#### Problem requirements
In the records below, the relevant part opens with the line containing "Boston Bruins phone" and closes with the line containing "Nation Sweatshirt"; print that part exactly and only, without its pictures.

#### Source records

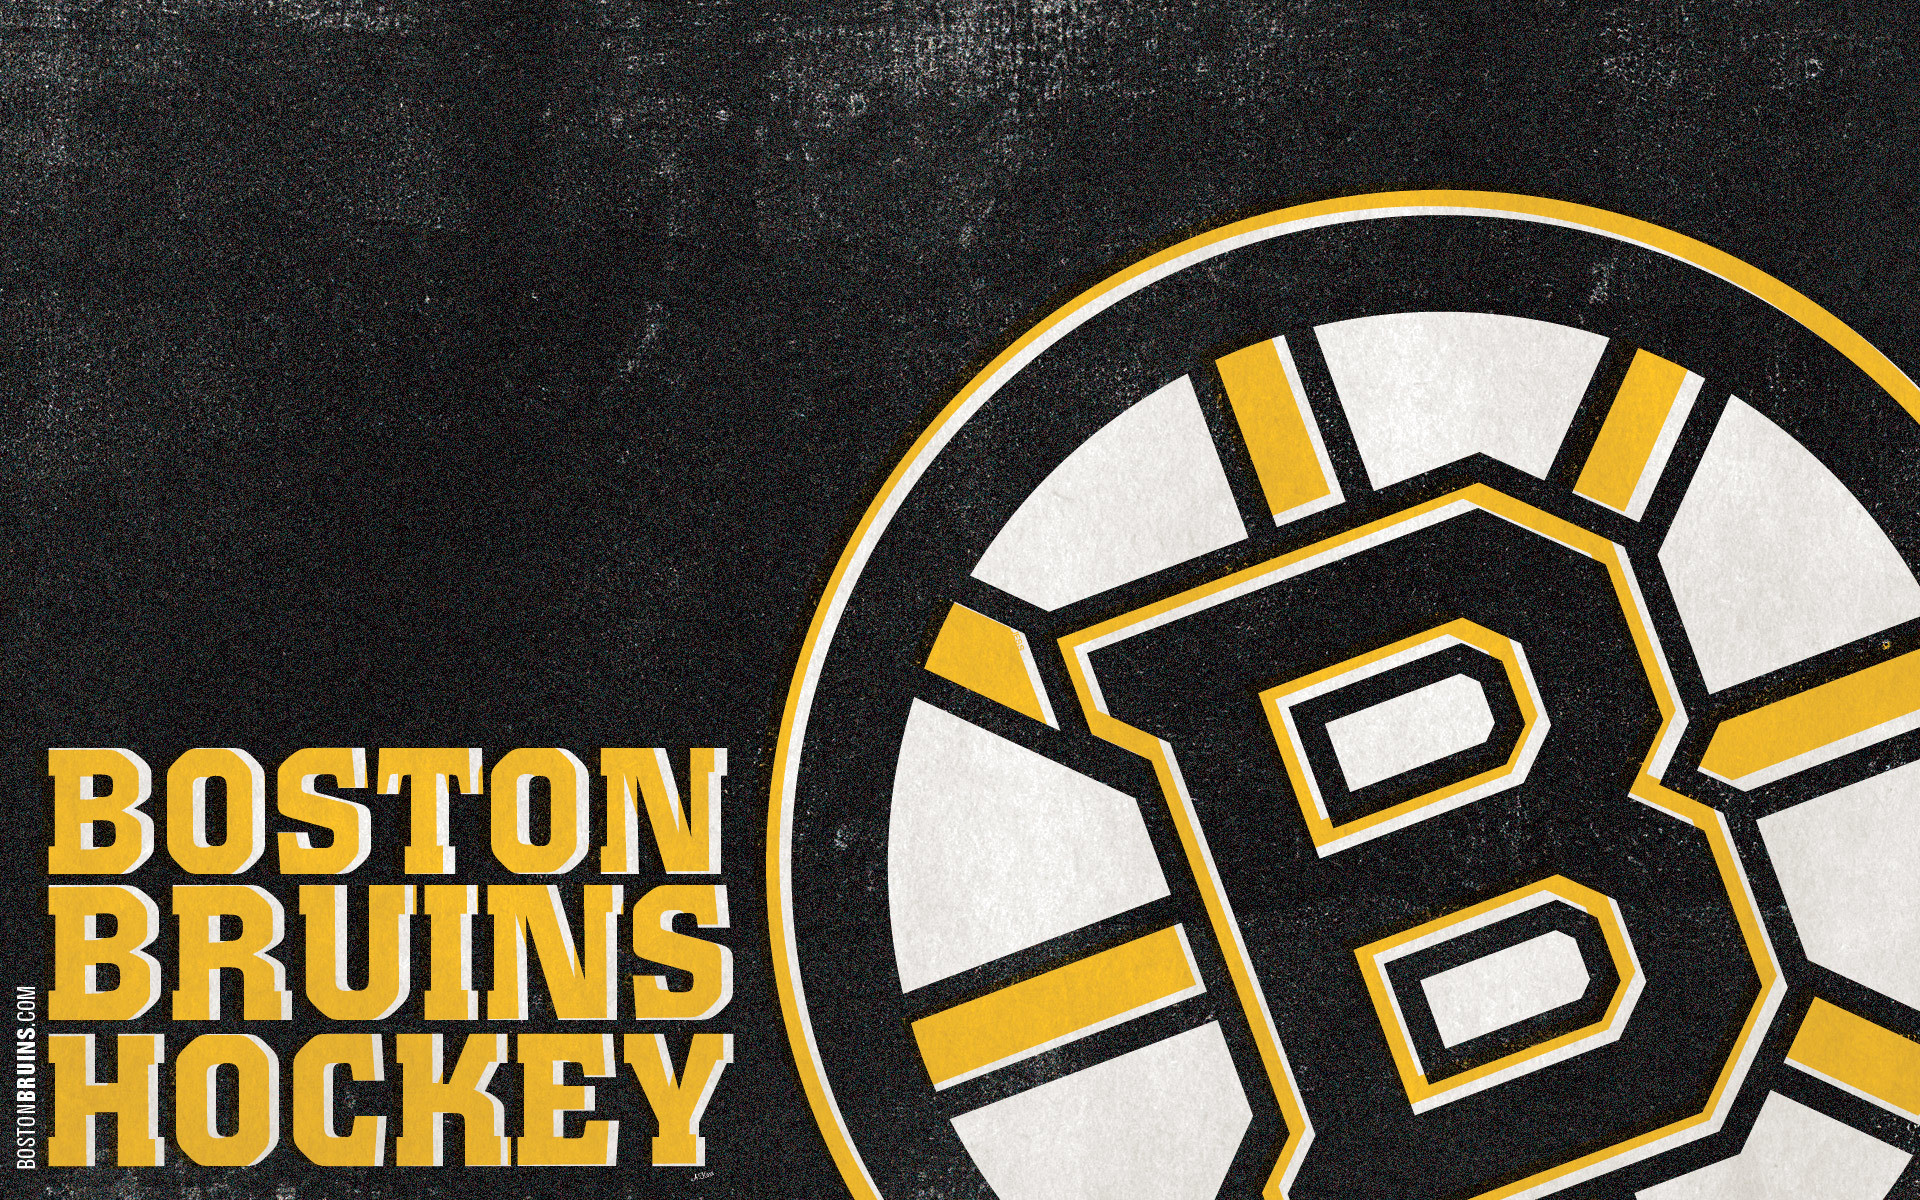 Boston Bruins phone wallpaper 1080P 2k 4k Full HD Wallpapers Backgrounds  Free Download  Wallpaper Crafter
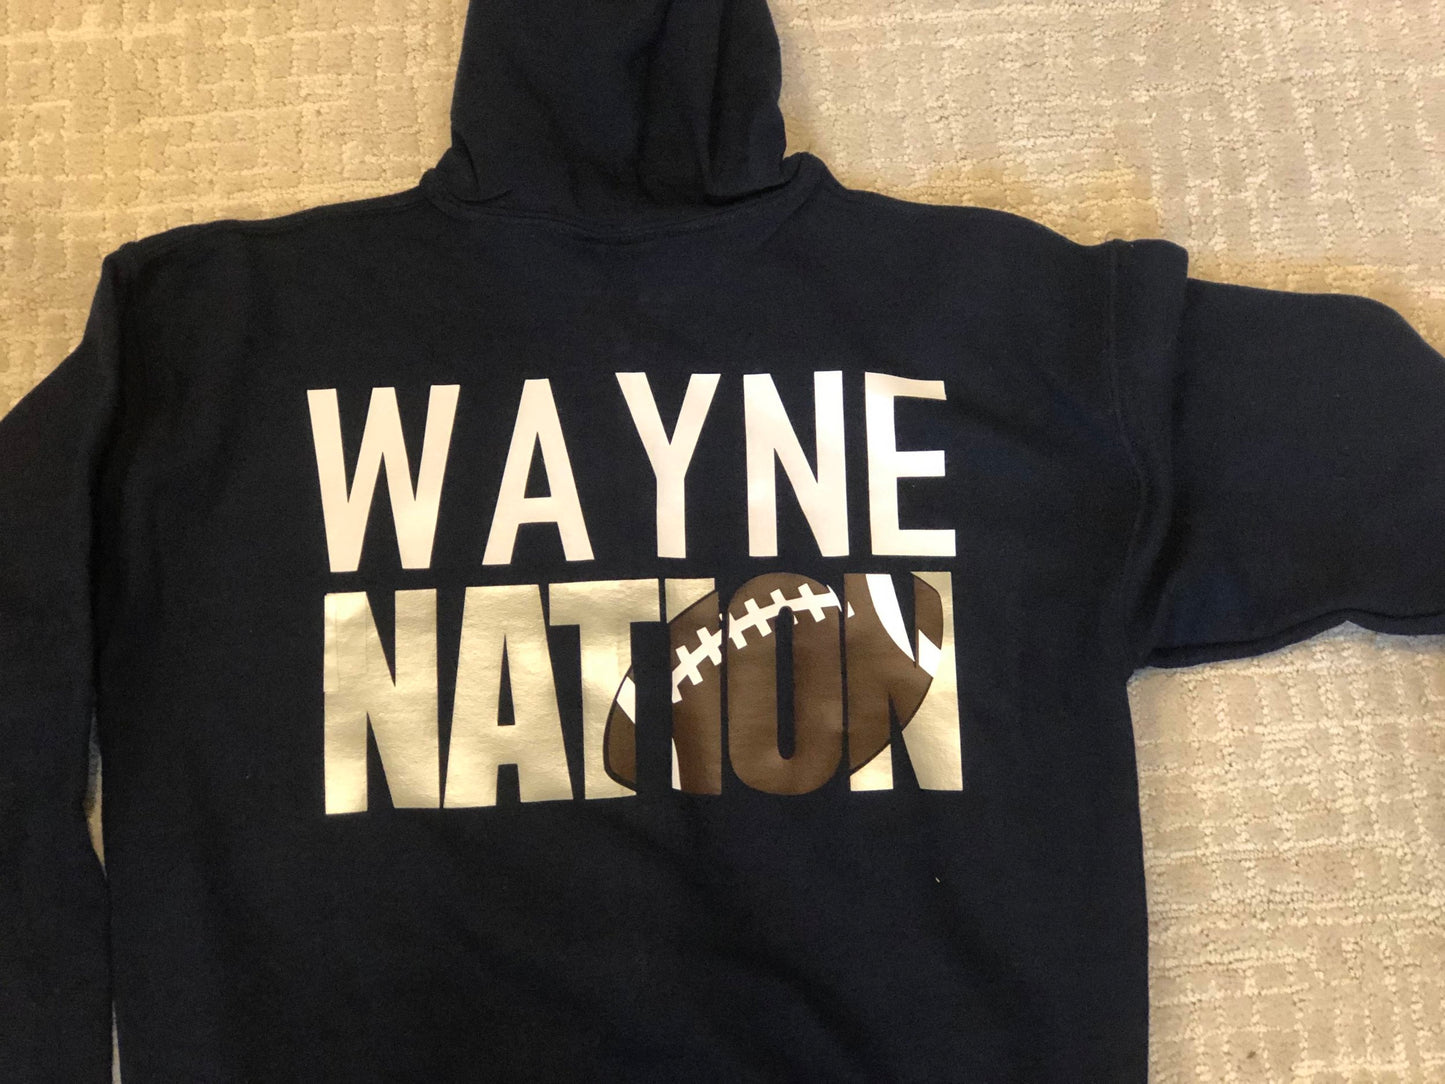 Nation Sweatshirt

--

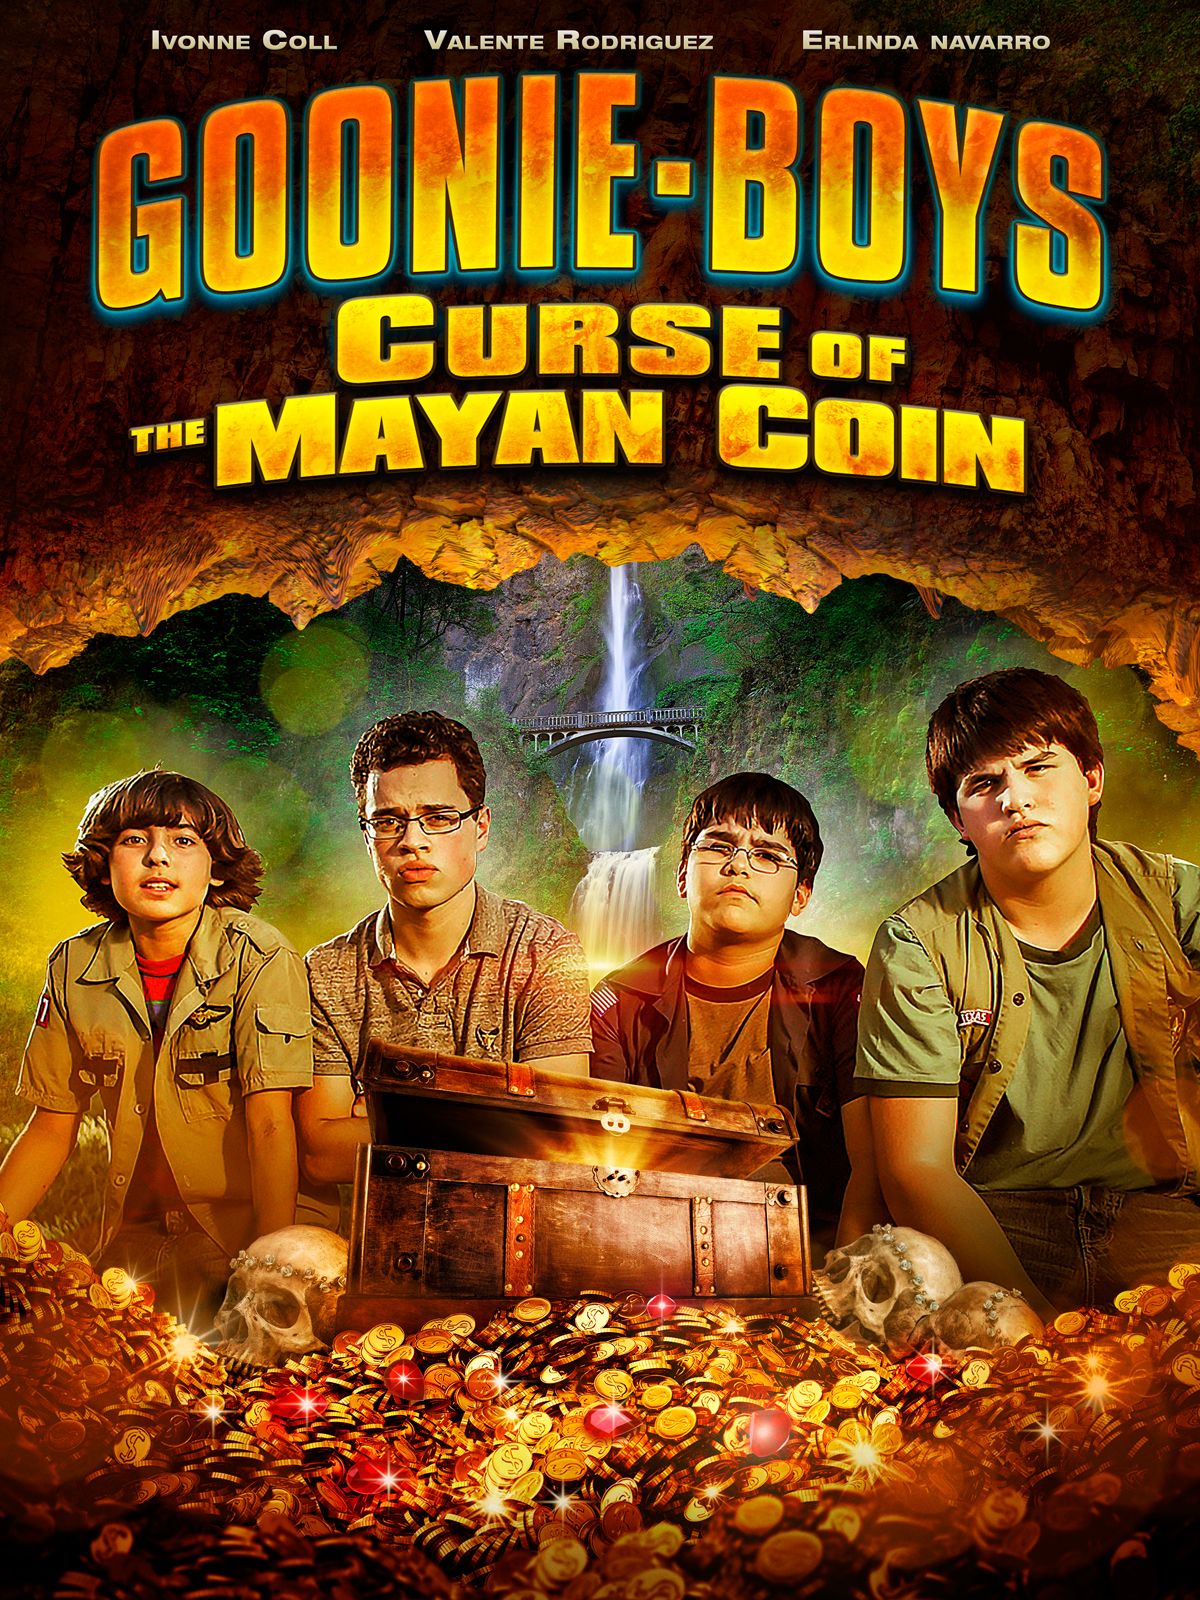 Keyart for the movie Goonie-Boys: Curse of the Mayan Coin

#### Your solution
 Boston Bruins phone wallpaper 1080P 2k 4k Full HD Wallpapers Backgrounds  Free Download  Wallpaper Crafter
 Nation Sweatshirt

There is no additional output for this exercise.